= Comité de liaison de patronat de l'A.E.F. =

Comité de liaison de patronat de l'A.E.F. ('Liaison Committee of Employers of French Equatorial Africa', abbreviated COLPAEF) was an employers' organization in French Equatorial Africa (AEF). It had territorial branches in each of the four territories of AEF (Gabon, Moyen-Congo, Oubangui-Chari and Chad). COLPAEF was founded a few days after the introduction of the French Overseas Labour Code in 1953. The organization was affiliated to the Conseil national du patronat français (CNPF), the French National Employers Council. A Permanent Secretariat coordinated the activities of the four territorial branches of COLPAEF.

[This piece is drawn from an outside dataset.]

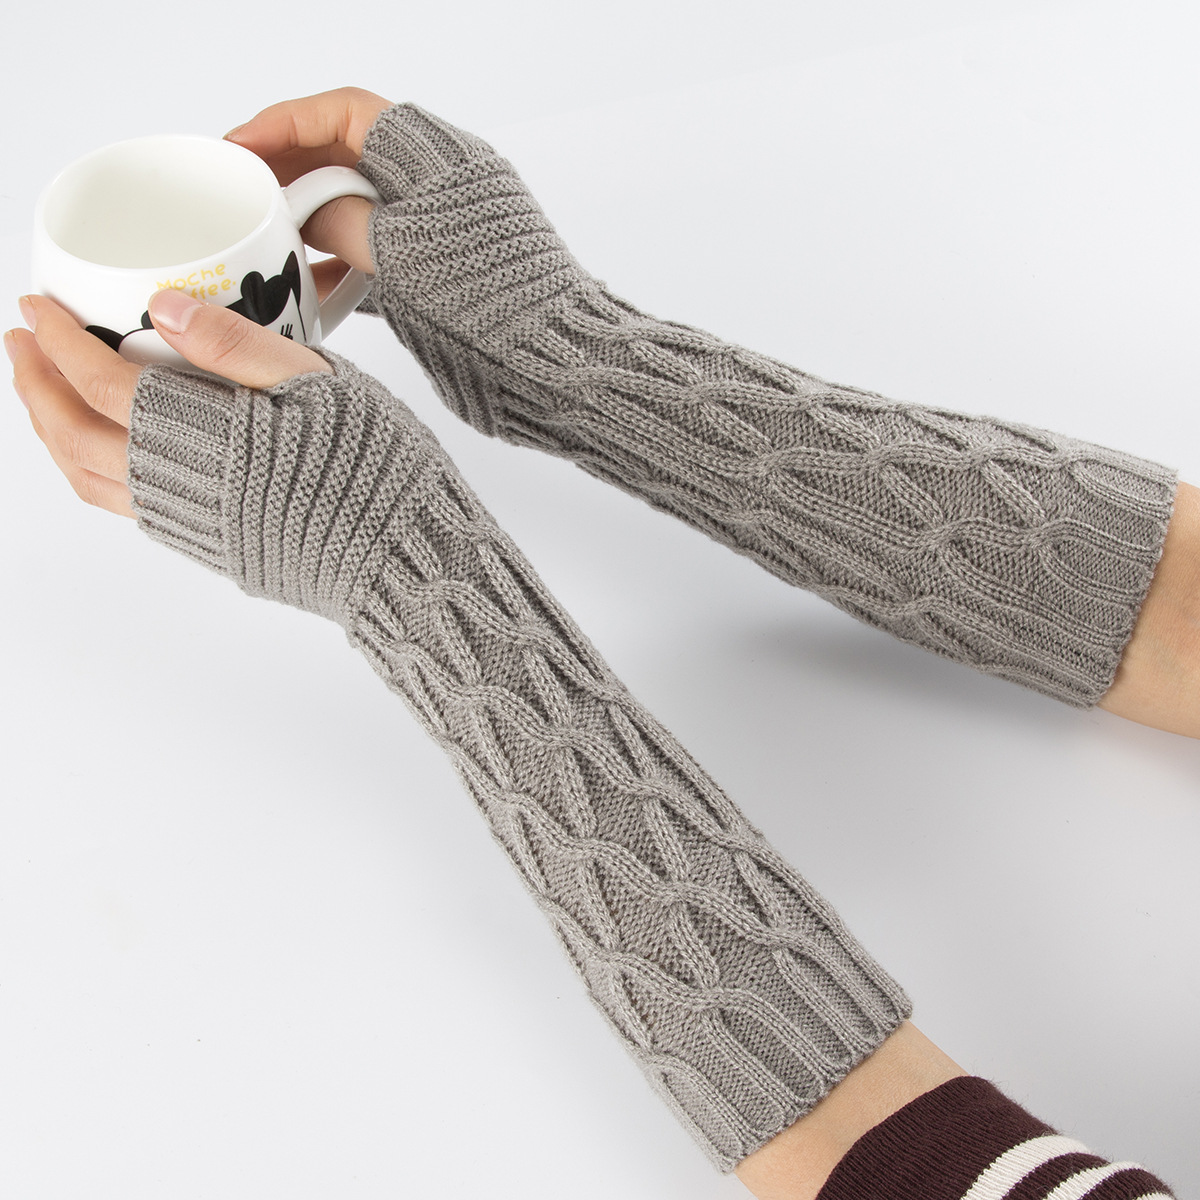 温暖从手开始，制作可爱毛线手套 - 知乎

In Gabon, COLPAEF affiliates included SYCOMIMPEX-GABON (traders' and importers' syndicate), Syndicat professionnel des usines de sciage et de placages du Gabon (S.P.U.S.P.D.G.) and Syndicat forestier du Gabon ('Forestry Union of Gabon'), out of which the latter was the most important. In Moyen-Congo, Fédération des petites et moyennes entreprise ('Federation of Small and Medium-sized Companies', founded in 1952), Syndicat des entrepreneurs du bâtiment et des travaux publics ('Construction and Public Works Entrepreneurs Union', founded in 1957) and SYCOMIMPEX du Congo (founded in 1958) were members of COLPAEF.

COLPAEF was organizationally significantly weaker than its West African counterparts. The employers of French Equatorial Africa were generally highly individualistic, and often operated with little regard to the Labour Code. COLPAEF was entirely dominated by French people. Politically, the organization had limited influence. It came to accept decolonization in 1958, and in the Republic of the Congo the organization aided the newly formed government through trainings of some of its ministers.

COLPAEF later transformed into Union Interprofessionnelle de l'A.E.F. (UNIAEF). After AEF was dissolved, contacts between CNPF and Central African employers association continued through Comité d'etudes et de liaison du patronat d'outre-mer (CELPUF).